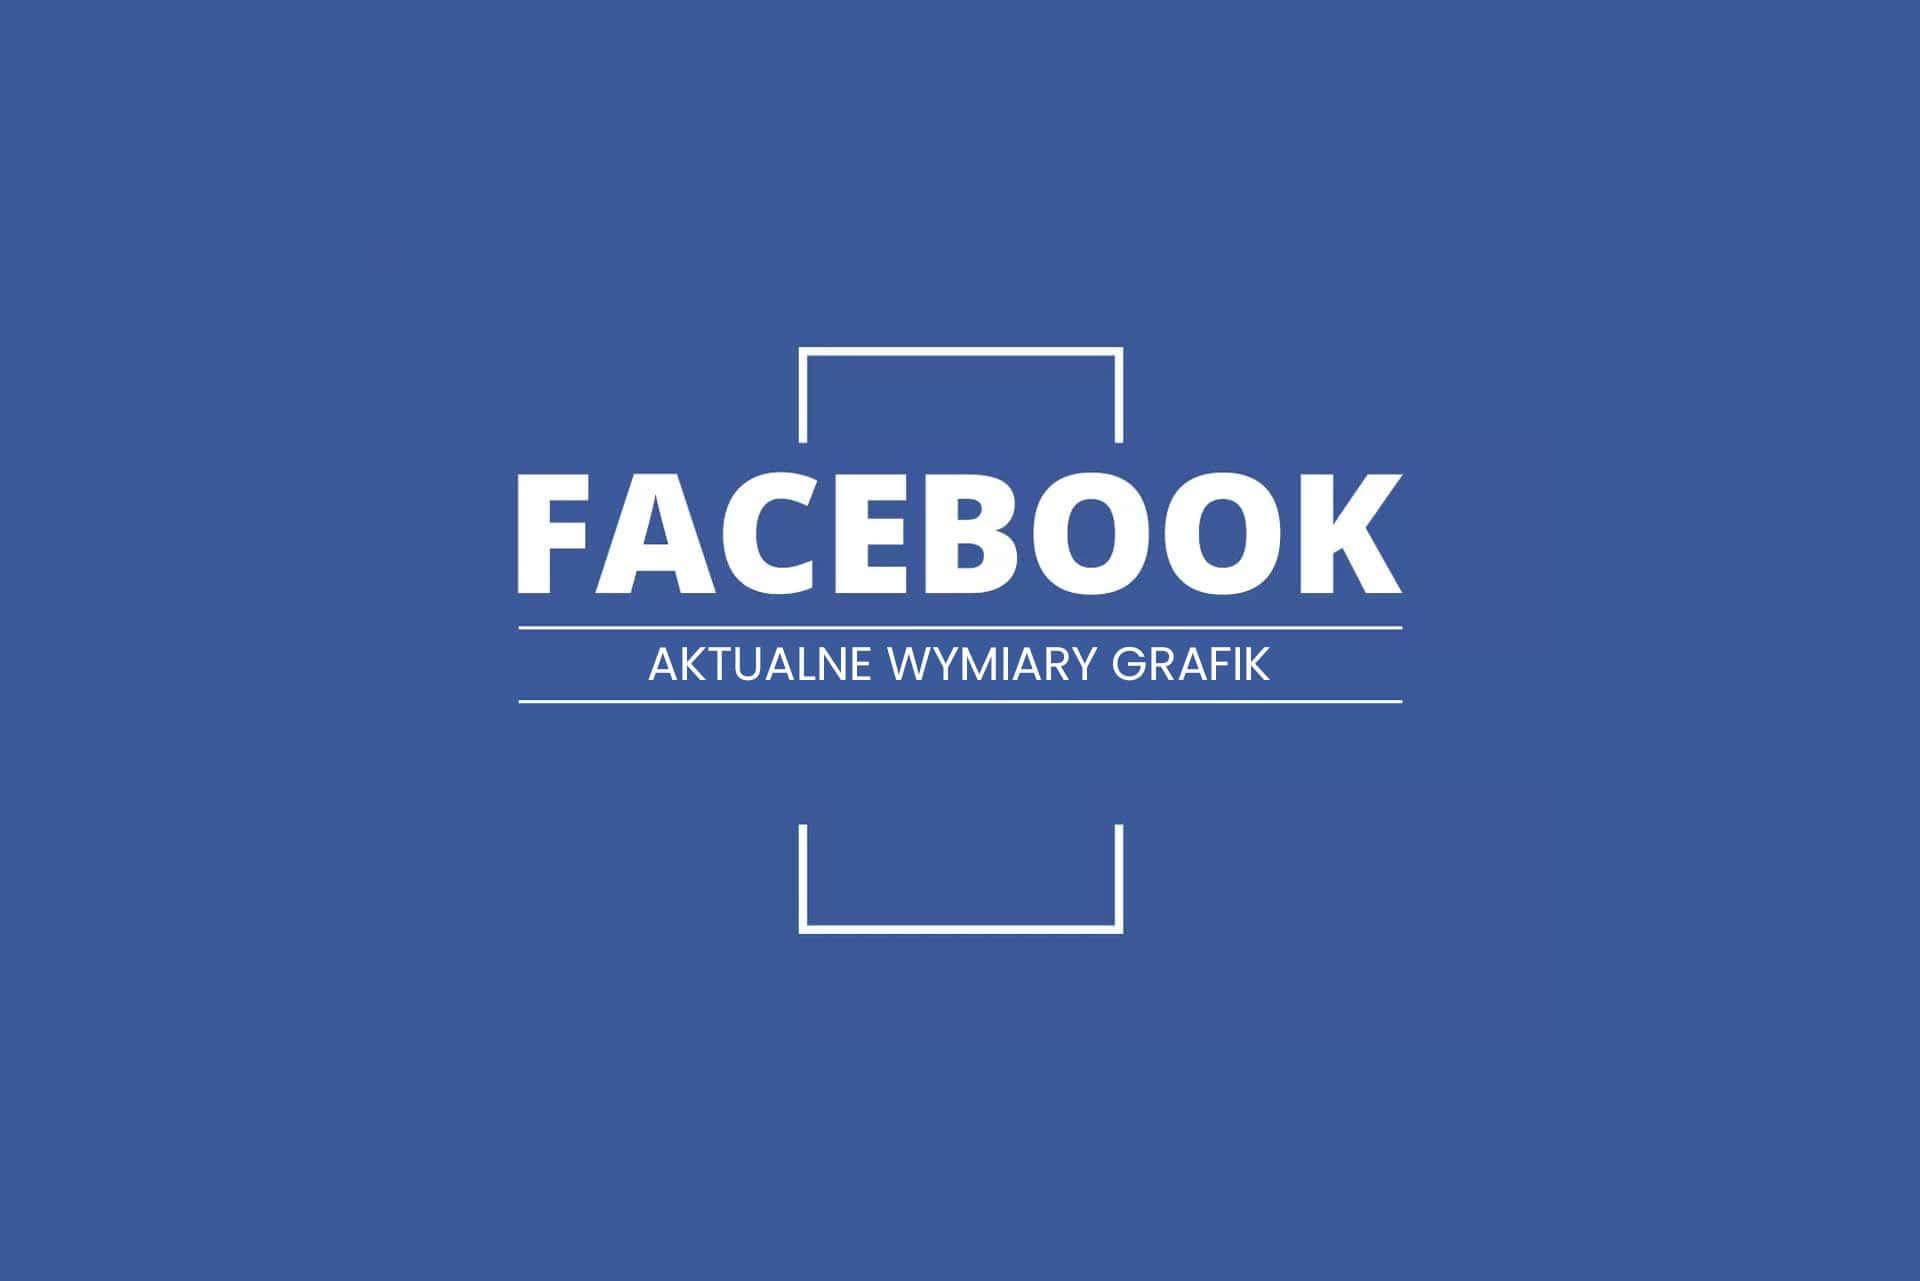 Aktualne wymiary grafik naFacebooku (FB)
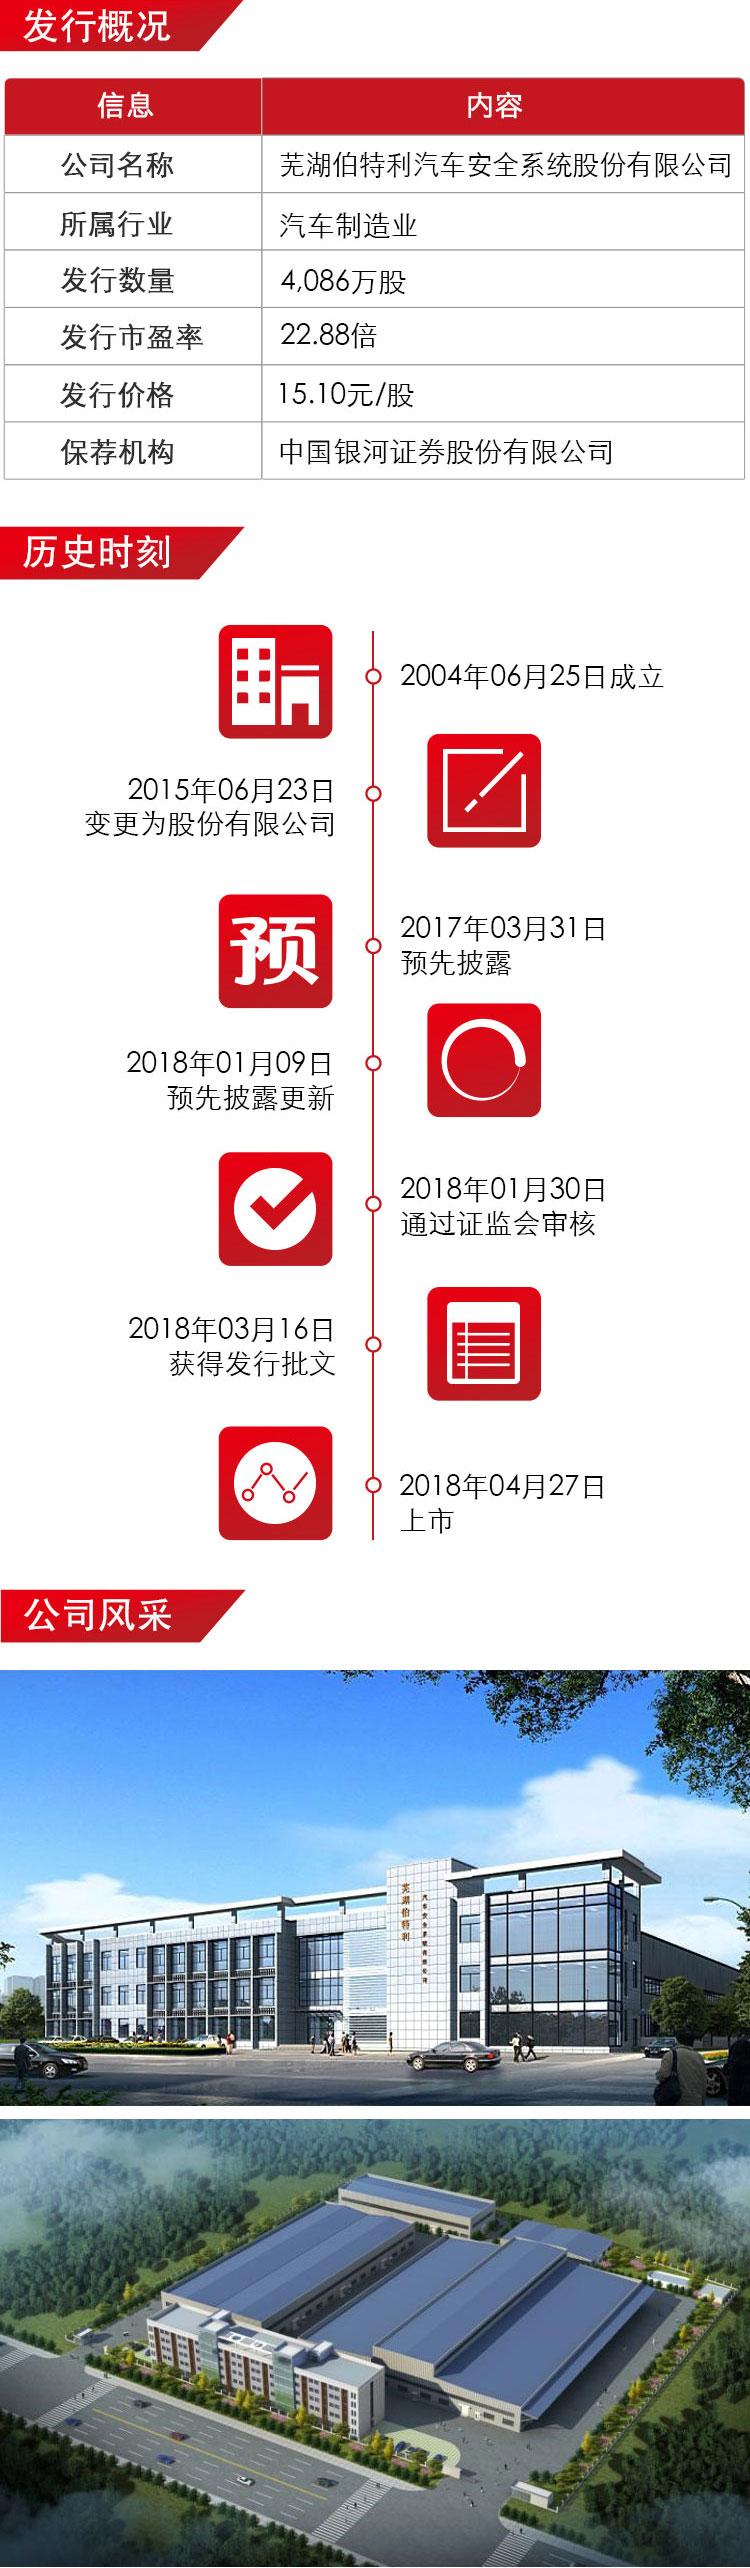 芜湖伯特利上市海报_02.jpg
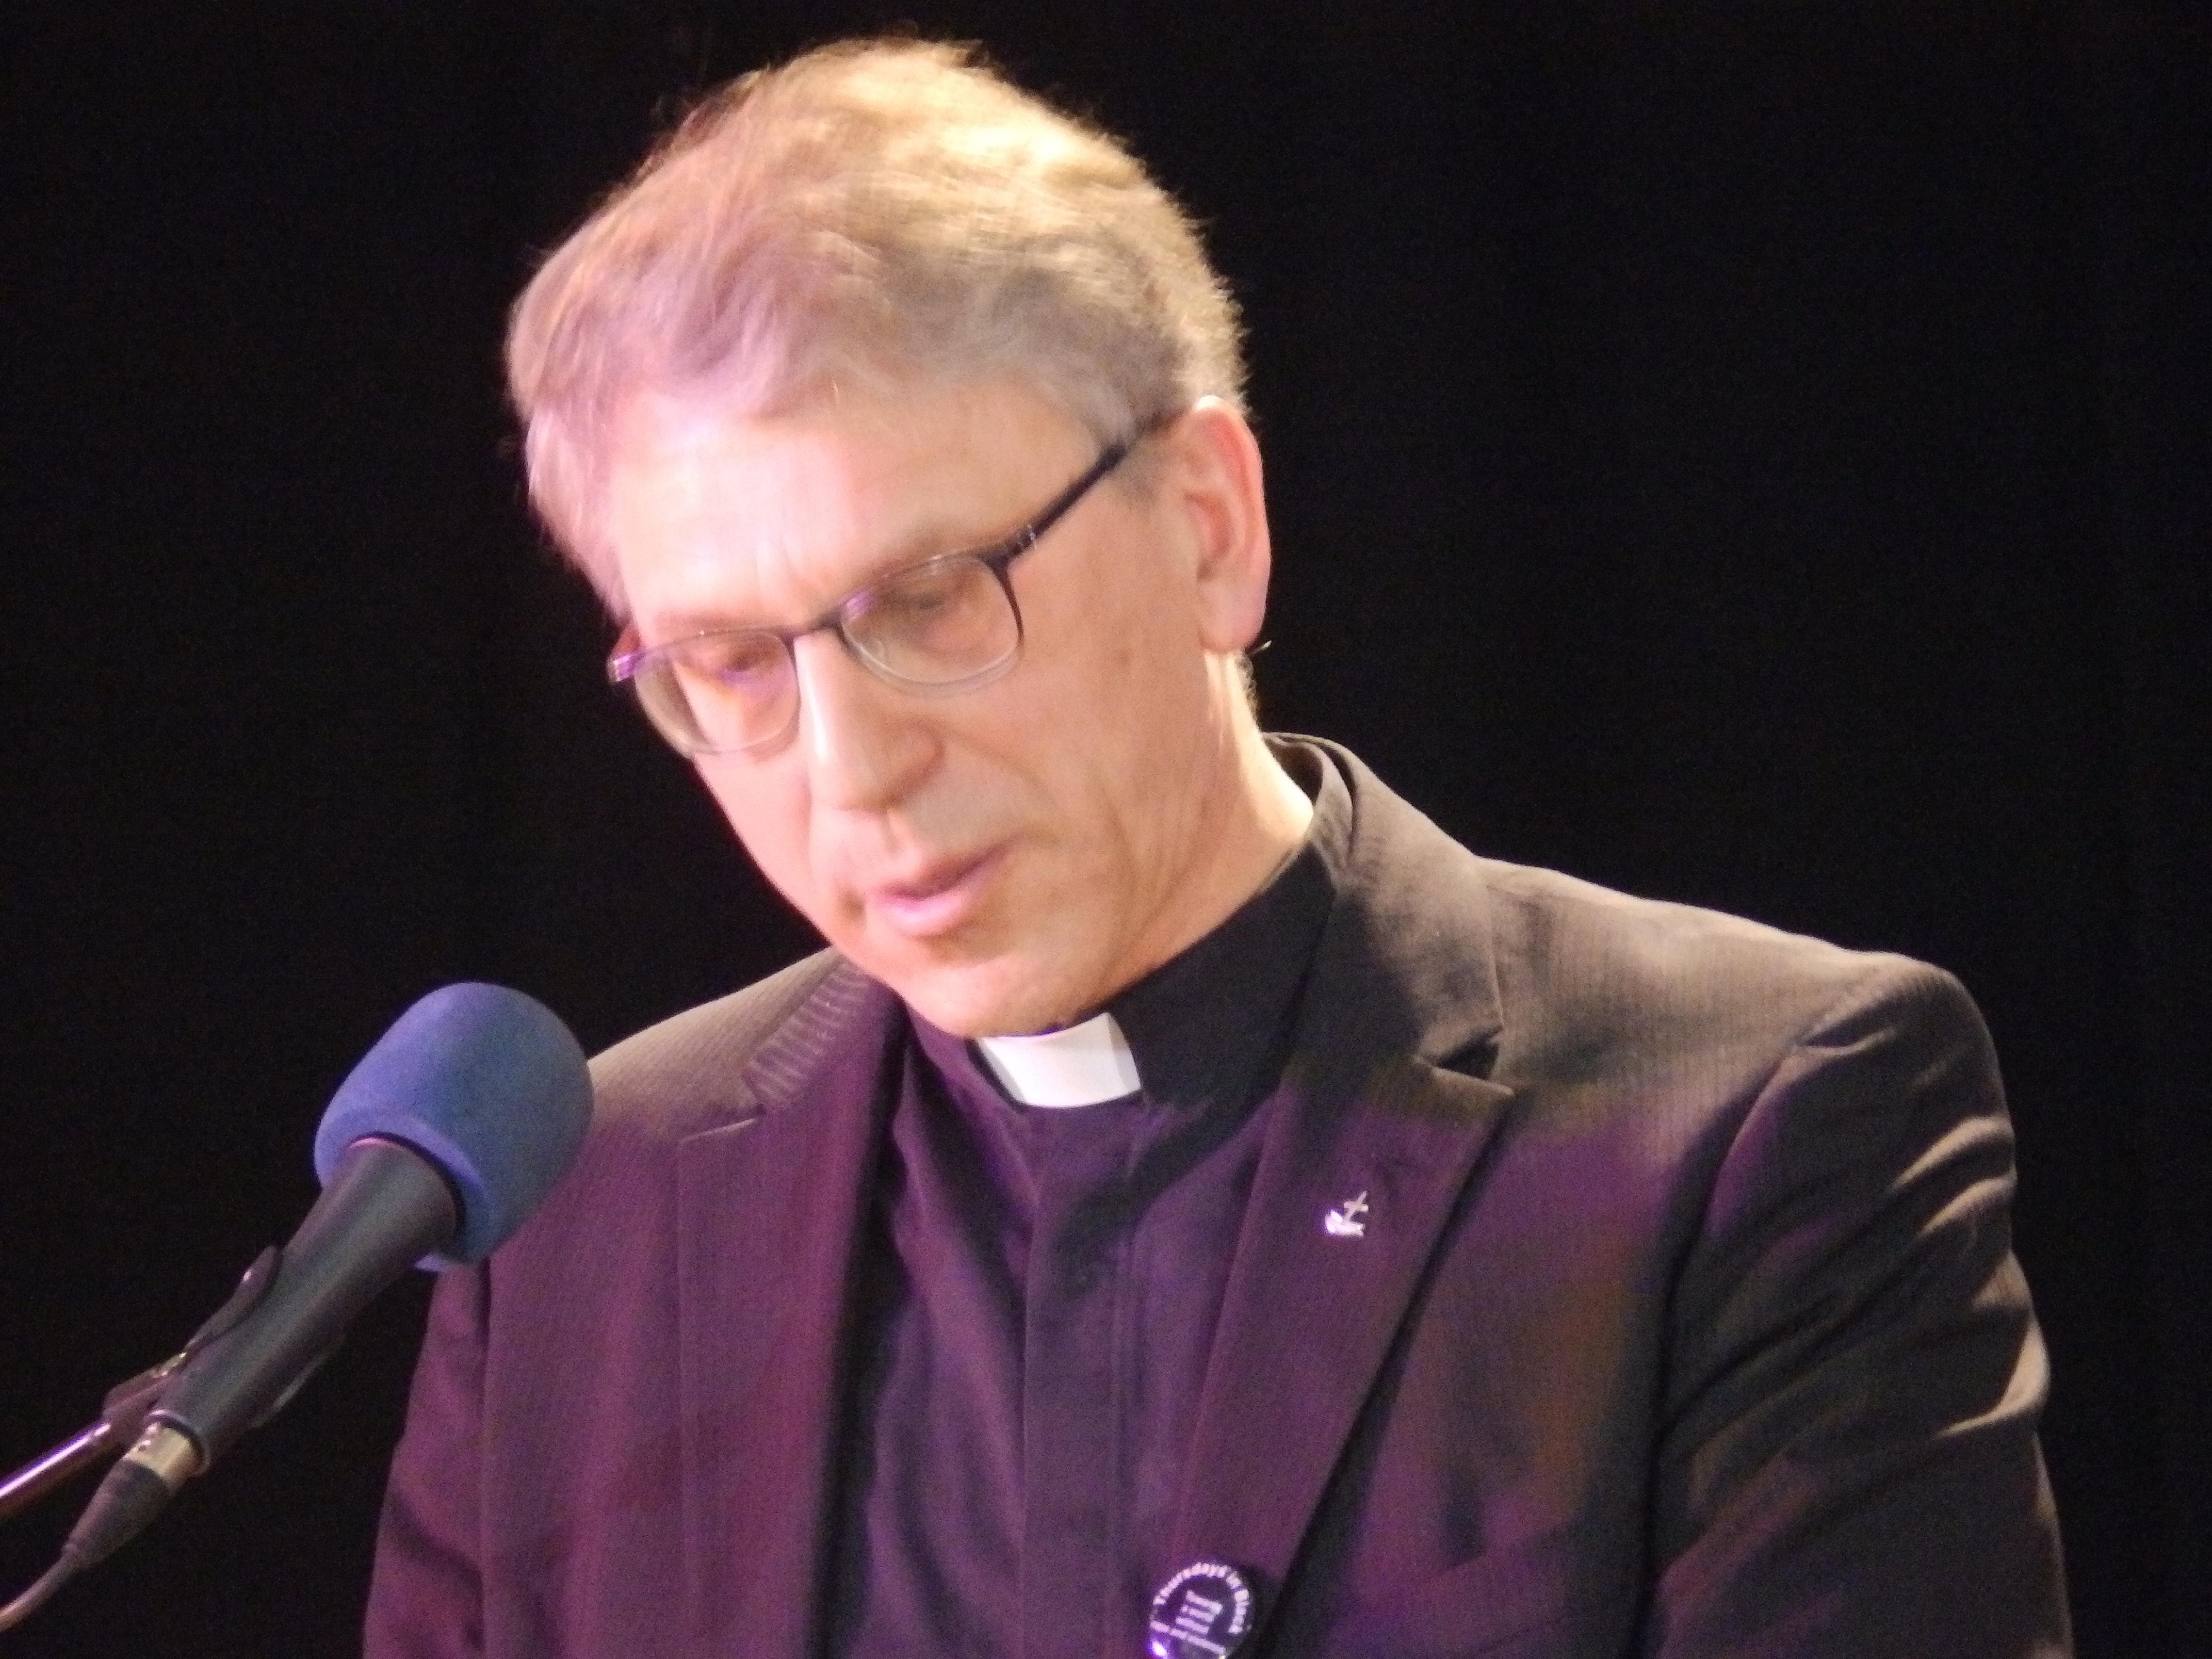 Pasteur Olav Fykse Tveit le Secrétaire Général du Conseil Oecuménique des Eglises lors de son discours d'ouverture de la Conférence

------------------------------------------------

- **What the task requires**:
For this exercise, return the material word for word and drop each image.

- **Solution for this problem**:
 Aktualne wymiary grafik naFacebooku (FB)
 芜湖伯特利上市海报_02.jpg
 Pasteur Olav Fykse Tveit le Secrétaire Général du Conseil Oecuménique des Eglises lors de son discours d'ouverture de la Conférence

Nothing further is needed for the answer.